If you’re working in a big group, you’re fighting human nature – (37signals)

April 24th, 2008

If you’re working in a big group, you’re fighting human nature – (37signals)

 

I believe both Apple and Amazon (two companies I respect a lot for their version 1.0s) talk about “two-pizza teams” — that is, keeping the team small enough that it can be fed with two pizzas…If the company that made the iPod believes in a two-pizza team, how can you justify putting 90 people in the room? 

In university, “group projects,” when group size and members are defined by the professor, tend to be defined by a few members, while the rest end up being dead weight. Rather than just be productive, those core members are forced to give roles to the other members that are either minimal in their impact on the project, or face the specter of those useless workers doing a poor job on part of the project.

I see work teams much the same way, and I think 37Signals’ little article underlies this quite nicely — big groups do not enjoy the sum of the group’s intelligence. They are slowed down an innovation and creative thought is stifled, all because the dead-weighters must be included in some way and made to feel like they’re contributing to the project — when they’re actually making it worse. 

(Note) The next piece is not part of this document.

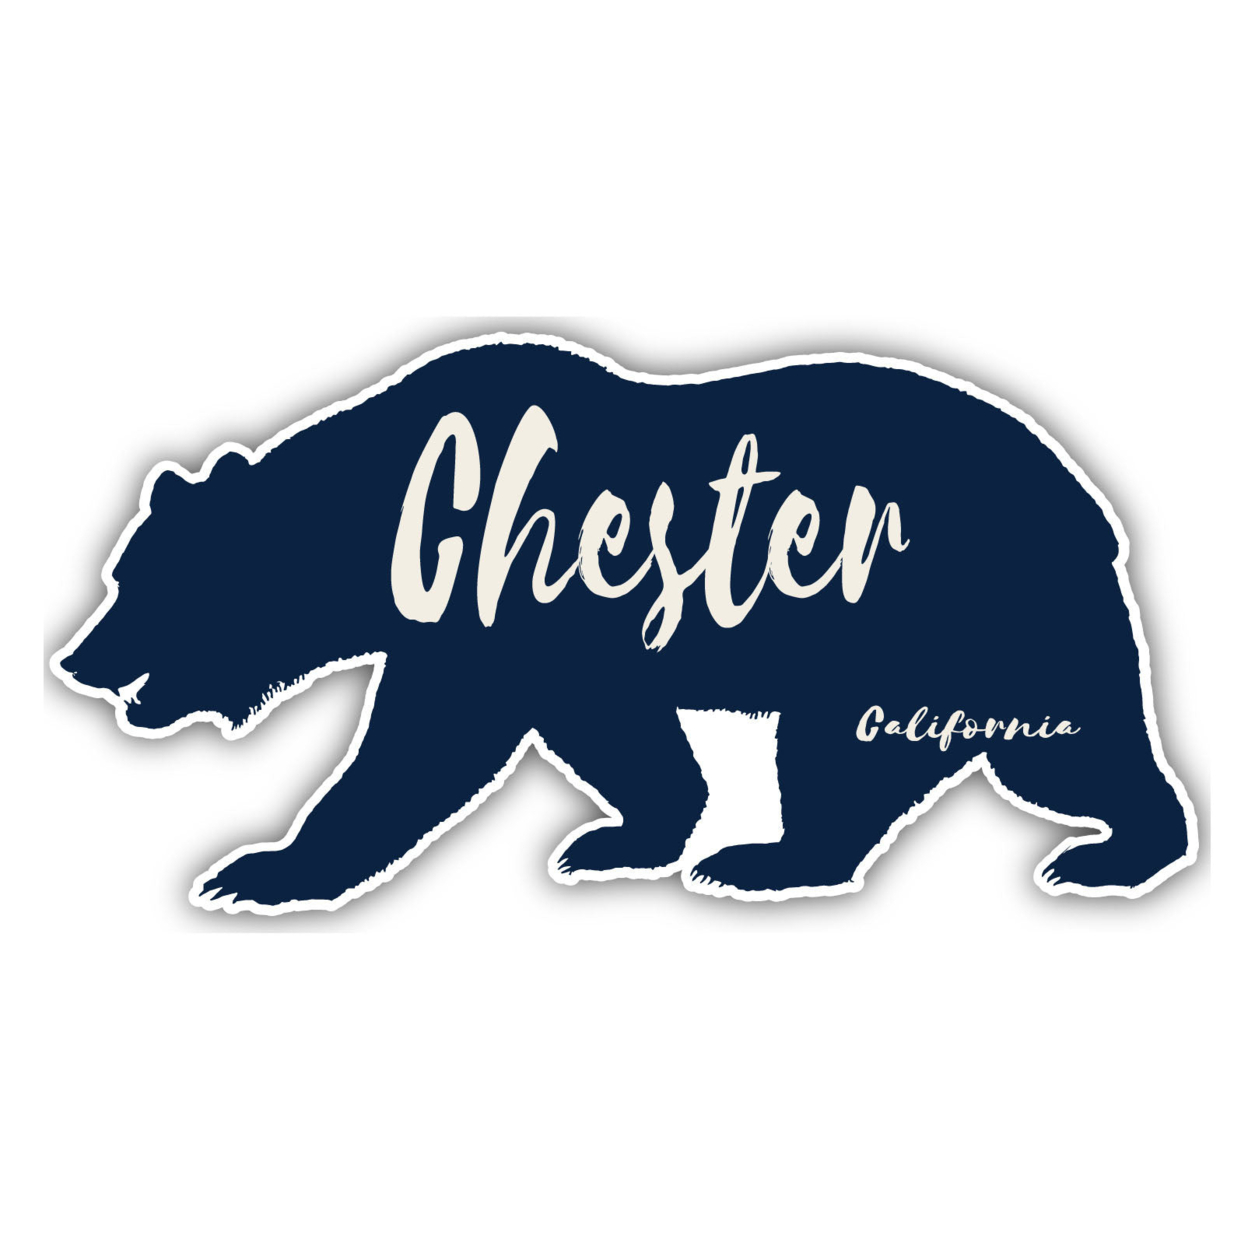 Chester California Souvenir Decorative Stickers (Choose Theme And Size) - 4-Pack, 6-Inch, Bear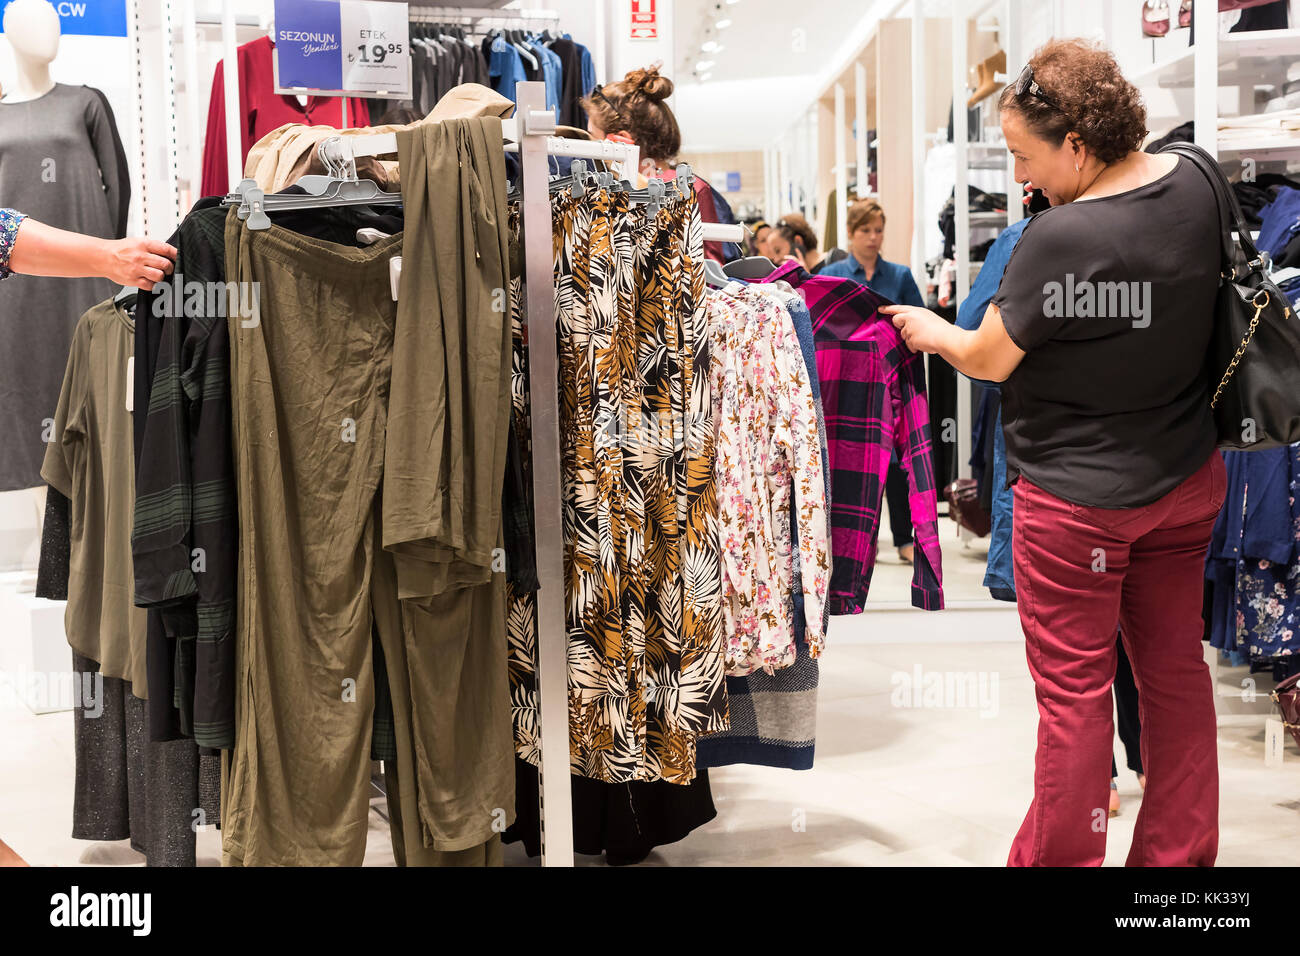 MANAVGAT, TURKEY - 1 OCTOBER , 2017: Shopping center in the city, clothing store for and adults LC Waikiki Stock - Alamy

2 or 3 dedicated and motivated students is a good size for most school projects, I think, in the same sense that 10 is good for larger business projects. There is simply not enough people to create bullshit roles when you only have a few people to work with — everyone must contribute something substantial to the group.

I like relaxing and being lazy as much as any other college student, but I am growing increasingly convinced that taking responsibility for a large portion of a project’s workload is a good thing. It forces you to 1. work hard and not waste any time, 2. to conceptualize and lay out your work so it logically makes sense (which is also why only one person should be responsible for putting together a paper or presentation), and 3. it makes you take responsibility for the project — there’s no screwing around when you’re responsible for at least a third or a half of the project.